Barrow ships Pacific Egret and Pacific Heron, moved from the Ramsden Dock nuclear terminal in the early hours of this morning 19th January, sailed from the port on the 7am high tide. Though the destination of the empty ships has not been officially disclosed, the dockside activities around them in the days prior to departure indicate that the ships are bound for Japan where they will pick up a consignment of plutonium for onward shipment to the United States.
The Pacific Egret and Pacific Heron, each fitted with naval canon, are operated by Pacific Nuclear Transport Ltd (PNTL) and managed by International Nuclear Services, INS – a wholly owned subsidiary of the NDA. The presence of a heavily armed security squad (provided by the Civil Nuclear Constabulary’s Marine Escort Group) on both ships, the earlier loading of stores and the craning on board of live ammunition yesterday points to a long and security- conscious voyage ahead rather than a sunset cruise around Morecambe Bay or routine sea trials in the Irish Sea.
The shipment of plutonium from Japan to the United States falls under the US-led Global Threat Reduction Initiative (GTRI) or M3 – Material Management & Minimisation programme whereby weapons-useable material such as plutonium and highly enriched uranium (HEU) is removed from facilities worldwide for safekeeping in the United Sates. The cargo to be loaded onto the two UK ships in Japan consists of some 331kgs of plutonium from Japan’s Tokai Research Establishment. The 331kgs of plutonium – a substantial fraction of which was supplied to Japan by the UK decades ago for ‘experimental purposes’ in Tokai’s Fast Critical Assembly (FCA) – is described by the US Department of Energy (DOE) as ‘posing a potential threat to national security, being susceptible to use in an improvised nuclear device, and presenting a high risk of theft or diversion’ or, as another US expert puts it ‘is sufficient to make up to 40 nuclear bombs’.

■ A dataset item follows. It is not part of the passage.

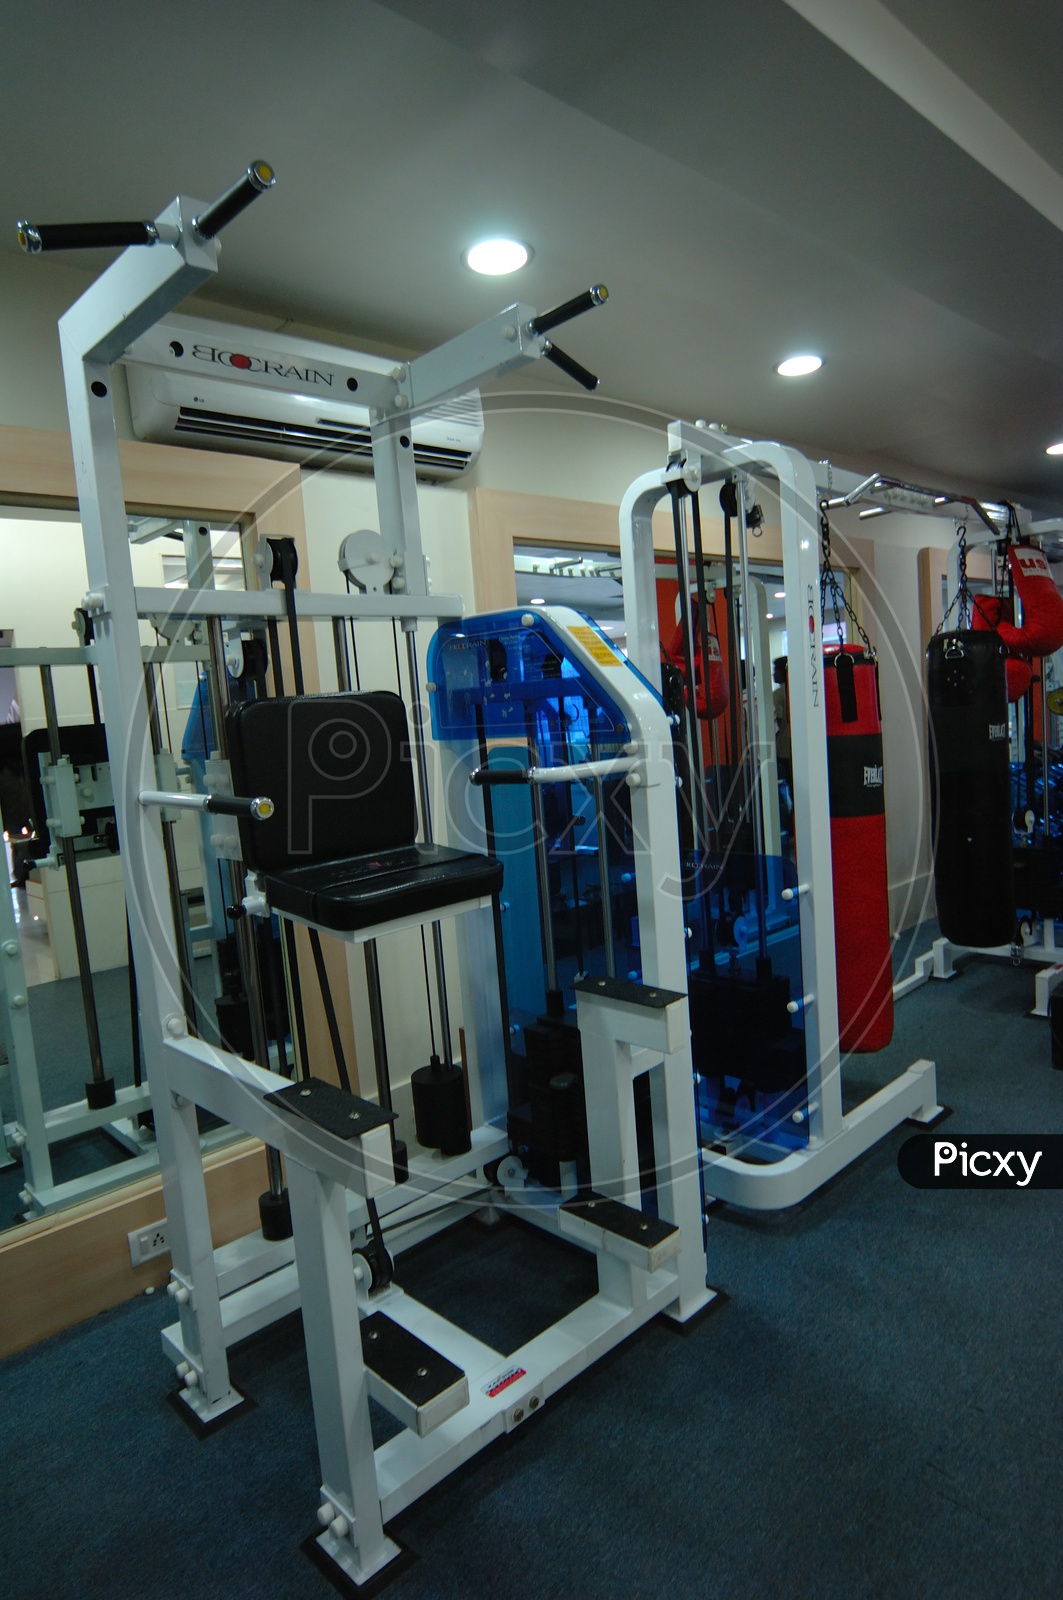 Gym equipment in a gym

Under the US-led programme the plutonium will be transported from Japan to the US port of Charleston and onwards to the Savannah River site in South Carolina. Tom Clements, Director of the public interest group Savannah River Site Watch has roundly condemned and opposed this import of plutonium as a material that will simply be stranded at the site with no clear disposition path out of South Carolina, and as further evidence that Savannah River is being used as a dumping grounds for a host of international nuclear wastes.
CORE’s spokesman Martin Forwood said to day: ‘The practice of shipping this plutonium to the US as a safeguard is completely undermined by deliberately exposing this prime terrorist material to a lengthy sea transport during which it will face the everyday maritime risks and the targeting by those with hostile intentions. Whilst the Barrow ships may have been empty when they left the port today, we condemn their use for such a shipment which we see as being wholly unnecessary and a significant security threat in today’s volatile and unpredictable world’.
From DOE documents, this shipment will be the first of a number of planned shipments for what is referred to as ‘Gap Material’ – weapons usable materials that are not covered under other US or Russian programmes. In total, DOE plans to import up to 900kgs of ‘at risk’ plutonium currently held in 7 countries via 12 shipments over 7 years. Other materials include stocks of highly enriched uranium (HEU) – the most highly enriched (enriched to 93%) also being supplied to Japan by the UK.
Martin Forwood added ‘As with everything the nuclear industry does, there are no good options for dealing with this plutonium and highly enriched uranium. If this material simply must be transported, then whilst the ‘least bad’ option of leaving them where they are and under maximum security and safety conditions is clearly a non-runner in US thinking, the return to the UK of the UK-supplied material, rather than dumping it in the US, is a principled option that we would support’.
The voyage from Barrow to Japan takes some 6 weeks, and that from Japan to Savannah River over 7 weeks where use of the Panama Canal has been ruled out by DOE in its documents on the shipment. The duration of the whole voyage of well over 3 months may rule out the hopes of the plutonium reaching the port of Charleston by the end of March this year when the US Nuclear Security Summit is being held in Washington and at which the arrival of the shipment at Savannah River was hoped to be announced.